- Contemporary advertisement
- Directed by: Beaumont Smith
- Written by: Beaumont Smith
- Produced by: Beaumont Smith
- Starring: Tal Ordell Fred MacDonald
- Cinematography: A. O. Segerberg
- Production company: Beaumont Smith Productions
- Distributed by: Beaumont Smith Kookaburra Films
- Release date: 28 January 1918;
- Running time: 4,000 feet
- Country: Australia
- Language: silent

= The Hayseeds' Melbourne Cup =

The Hayseeds' Melbourne Cup is a 1918 Australian rural comedy from director Beaumont Smith. It was the fourth in his series about the rural family, the Hayseeds, and centers on Dad Hayseed entering his horse in the Melbourne Cup.

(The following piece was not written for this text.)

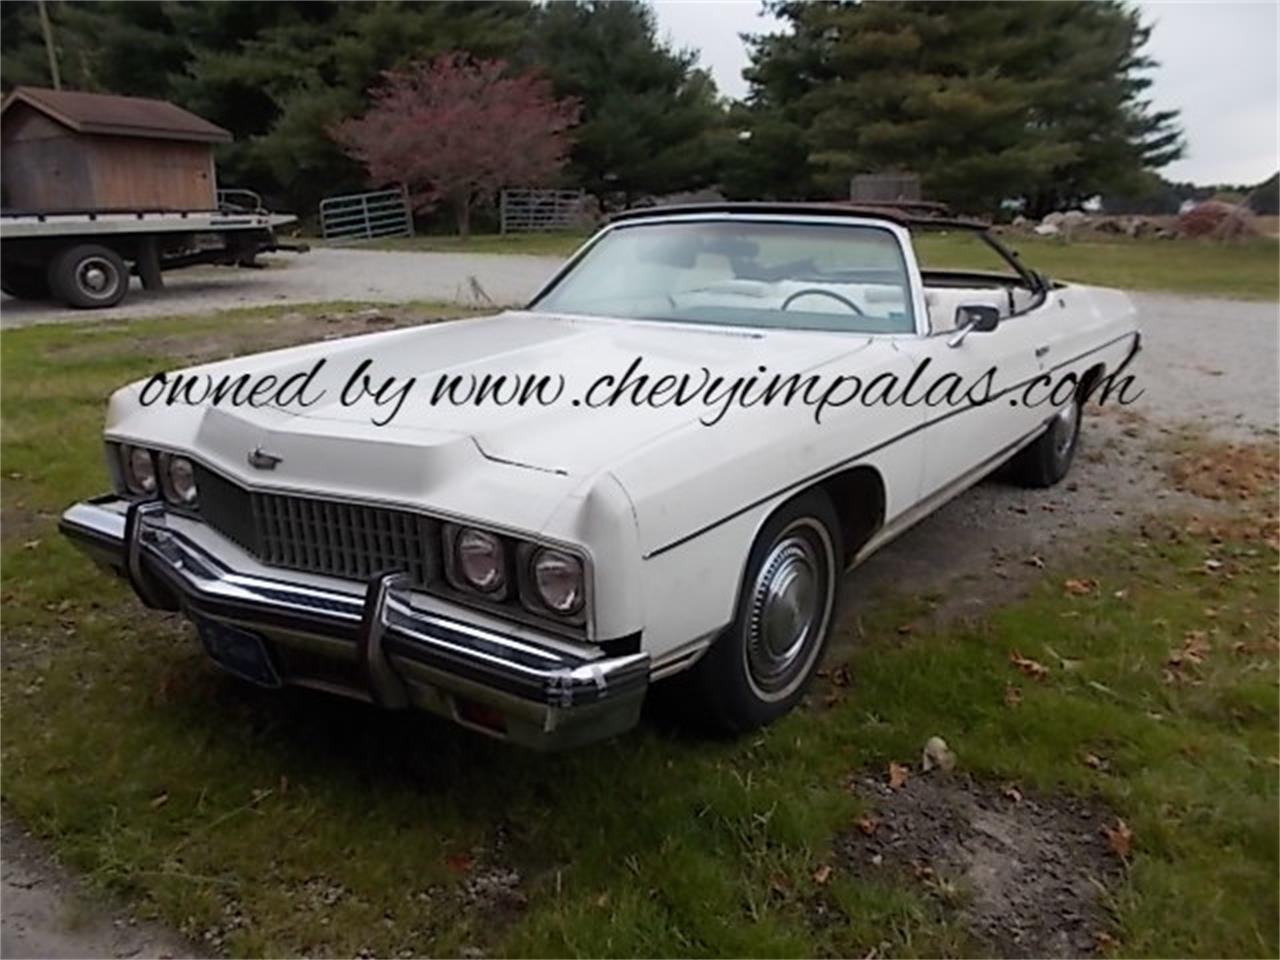 1973 Chevrolet Caprice For Sale Classiccars Com Cc 1157396

It is considered a lost film.

==Synopsis==
Dad Hayseed buys a horse for £20 called Cornstalk and it starts winning so many local races he decides to enter it in the Melbourne Cup. He is accompanied by his son Jim (the trainer), cousin Harold (jockey) and Mum Hayseed. Jim falls in love with an actress, and Mum has a nightmare about washing steps of Parliament House. On the race day, Mum boils a billy at Flemington and Cornstalk wins the race despite the efforts of a crooked bookmaker.

==Cast==
- Fred MacDonald as Jim Hayseed
- Tal Ordell as Dad Hayseed
- Harry McDonna as Cousin Harold
- Gladys Leigh as Mrs Hayseed
- Guy Hastings
- Ethel Grist
- Mattie Ive
- Jessie Dale
- Driscoll

==Production==
Each of the first four Hayseeds movies had been filmed in a different state to maximise box-office appeal. This one was shot in Melbourne Victoria in November 1917. It included footage from the real 1917 Melbourne Cup Carnival, as well as Parliament House, Flinders Street Station, Collins Street, Bourke Street, and the stables belonging to famous horse trainer James Scobie.

It was followed by Townies and Hayseeds.